The counters are mostly self-explanatory, so I will omit them here. At the bottom, we have the control circuit that outputs the clocks for most other components. It basically contains a finite state machine that implements a two-level pipeline: one that enters a new stage every 4 cycles (right shift register), and one that changes every cycle (left shift register), but repeats every 4 cycles. This is done so that the components can be orchestrated in a pipelined fashion, where each component can start in an arbitrary cycle and be pipelined either every 4 or every cycle. For example, the multipliers are clocked every master clock cycle but output the result only every four cycles to the next pipeline stage. This is because the multipliers need four adds to get the result, so every cycle an add must be executed, and every 4 cycles the product is ready. Whether the state machine enters the next state is controlled mostly by the counter flags (full, zero, etc.), but also by some other flags (e.g. data == 0xfe00).
In the center of the schematic we have the quantization table multiplier that multiplies the data with the elements of the quantization table/matrix. I am fairly sure that this is a variant of the Booth multiplication algorithm where instead of bit slices of length 2, we look at bit slices of length 3. This particular multiplier works according to
this algorithm. I can elaborate if desired. (By the way, I noticed that the multiplier of the IDCT is exactly the same algorithm, just a different, more parallelized, hardware implementation). At the end, before the result is written to the next stage, the result is clamped to 15 bits (the multiplier itself calculates the the full 19=11+8 bits of the result).
Next is the quantization scale multiplier. It's again the same algorithm, but implemented a bit differently. Because every element of our block needs to be multiplied by QS, the shift register that selects the next 3-bit-slice is cyclic and repeats every 4 cycles. What I tagged as "constant factor" is actually the factor 8 that is used with the very first element (it's probably 8 in order to compensate for the division by 8 in the following steps). The result of the multiplication drops bits 0 and 1, which is equivalent to a right shift by 2, or an integer division by 4 (the last perceived division by 2 probably stems from the very last step, but I'm not too sure; additional input would from others would be appreciated).

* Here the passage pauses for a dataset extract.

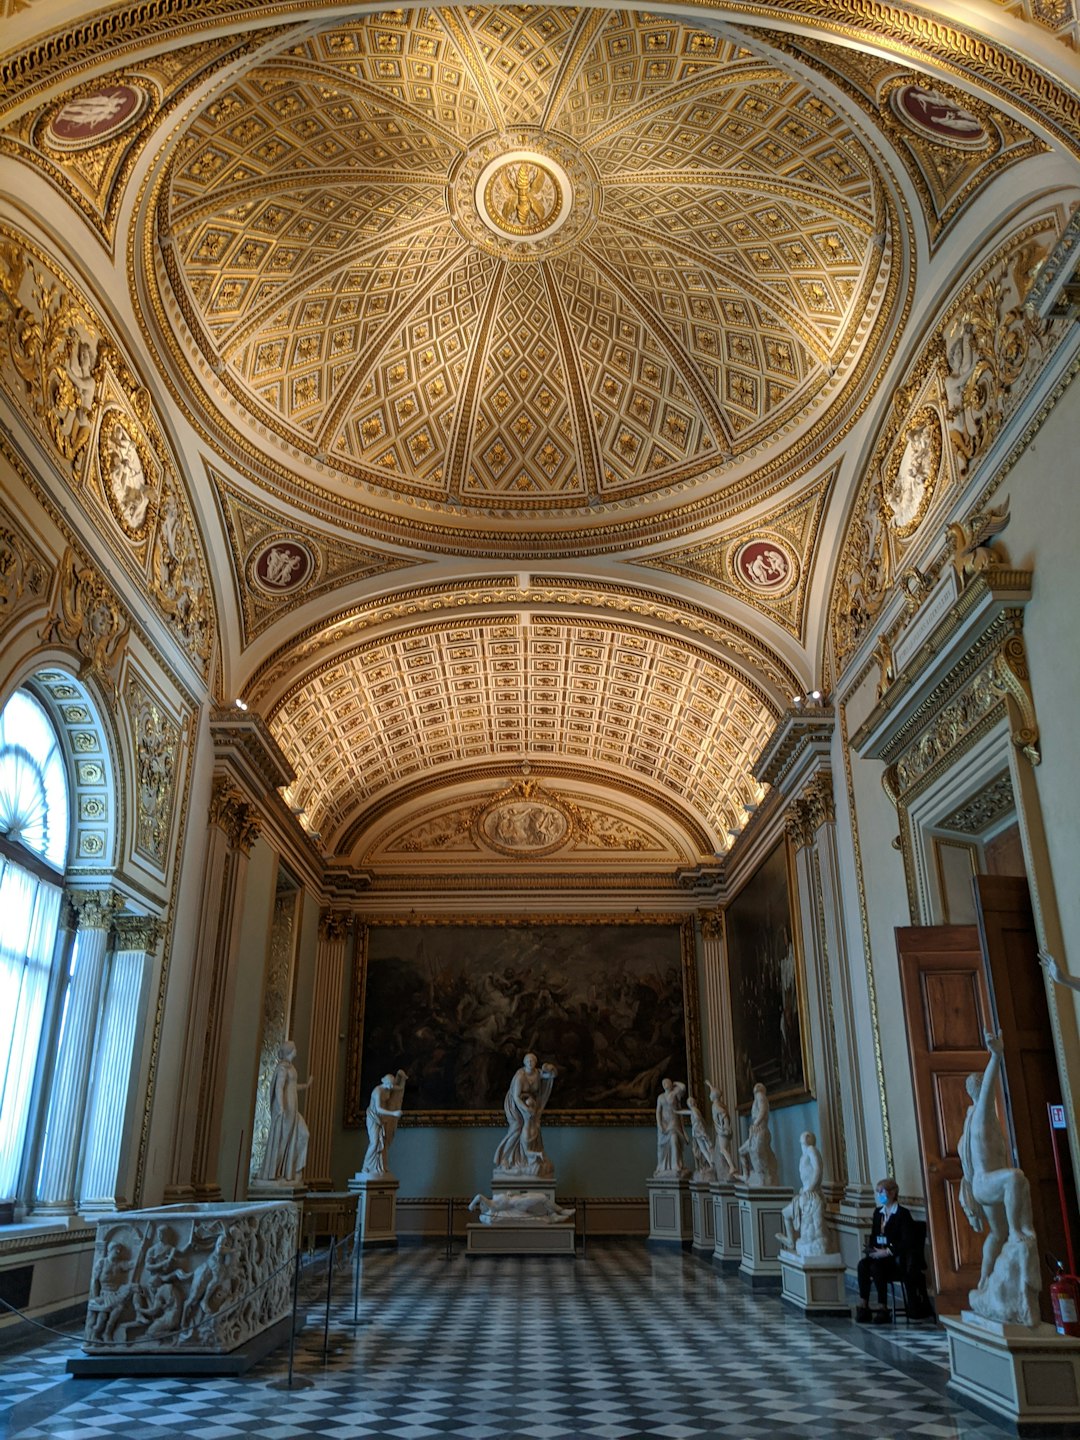 Basilica photo spot Uffizi Gallery Firenze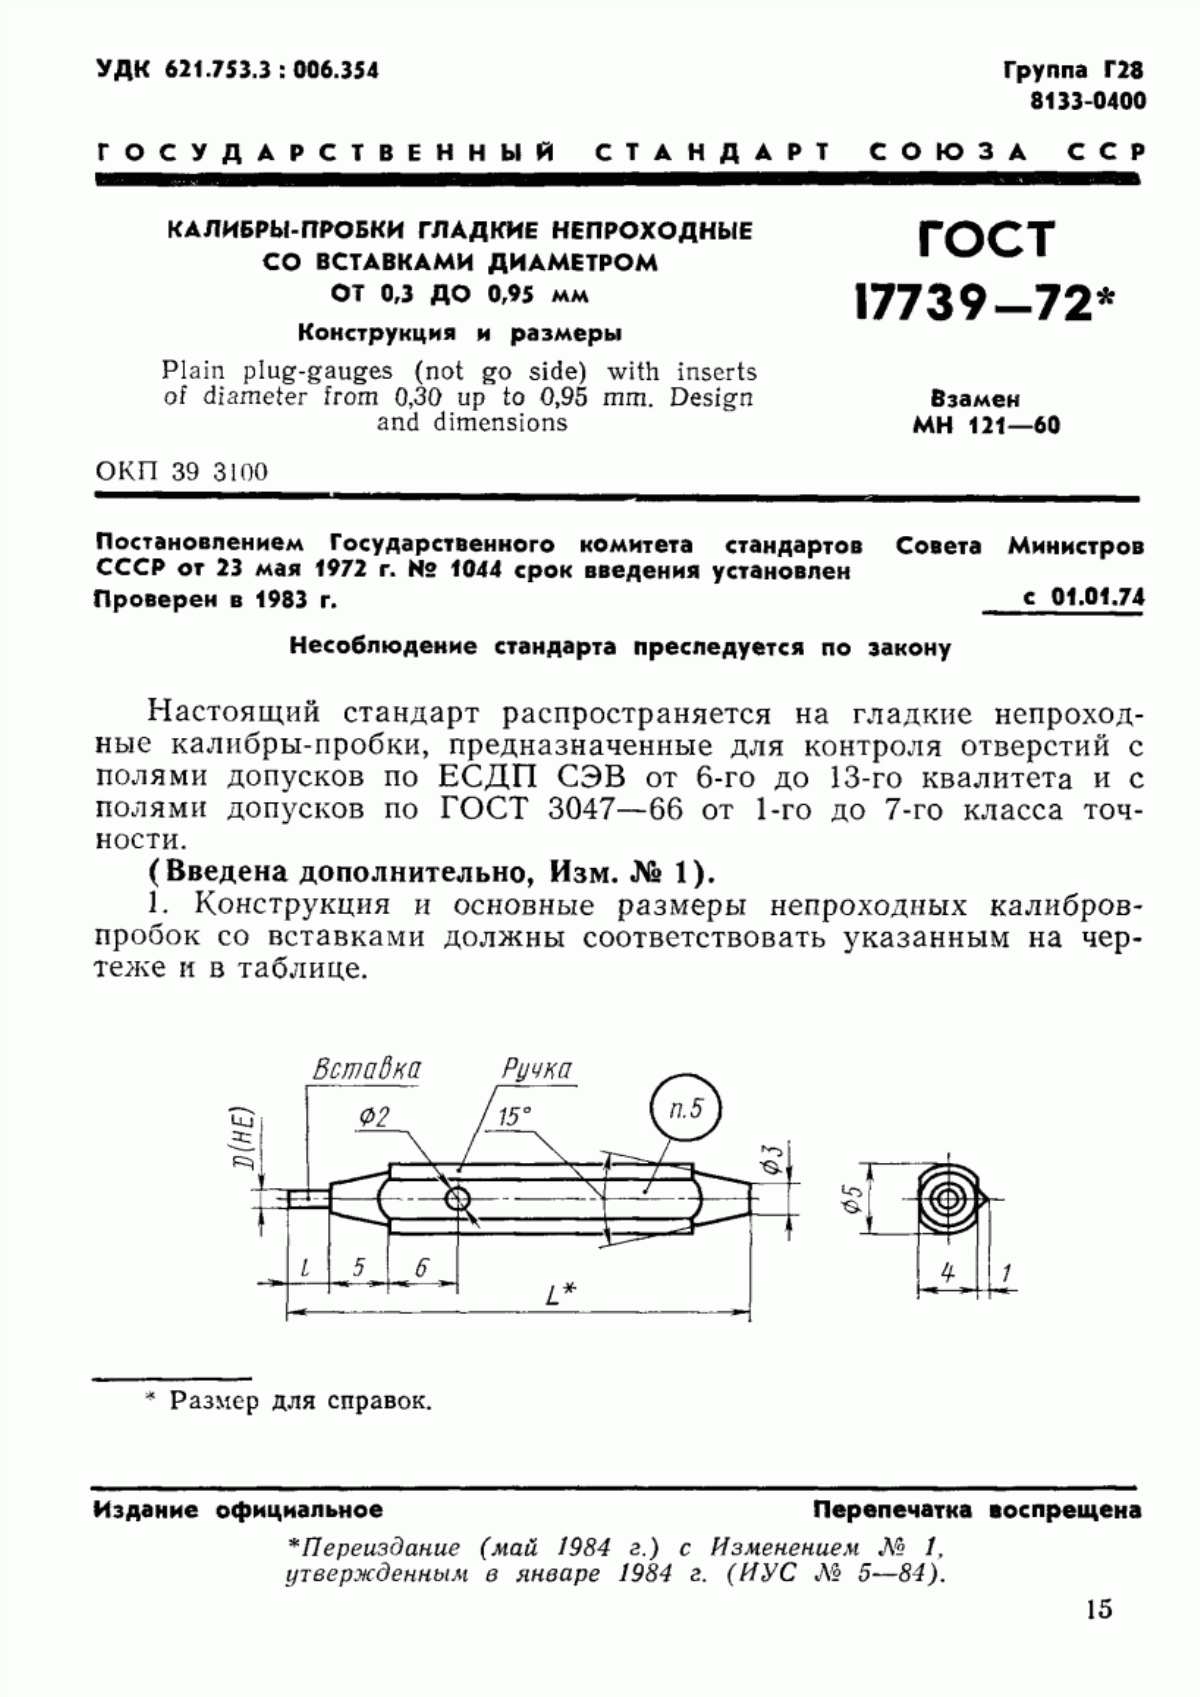 ГОСТ 17739-72 Калибры-пробки гладкие непроходные со вставками диаметром от 0,3 до 0,95 мм. Конструкция и размеры

Finally, the result is clamped to 12 bits, and then, as Akari mentioned, rounded to the next even number closer to zero (except -1, which stays the same). I do not know why this is done; does -1 have a special meaning? I am not too knowledgeable about JPEG compression. But I guess this is where the last perceived division by 2 comes from; it's not actually a division (that's why I wrote "perceived"), but the precision is effectively reduced by one bit.
So overall the steps should be:
1. res = clamp_to_15_bits(val * qt[k])
2. res = clamp_to_12_bits((res * qs) >> 2)
3. res = res == -1 ? -1 : round_to_even_number_closer_to_zero(res)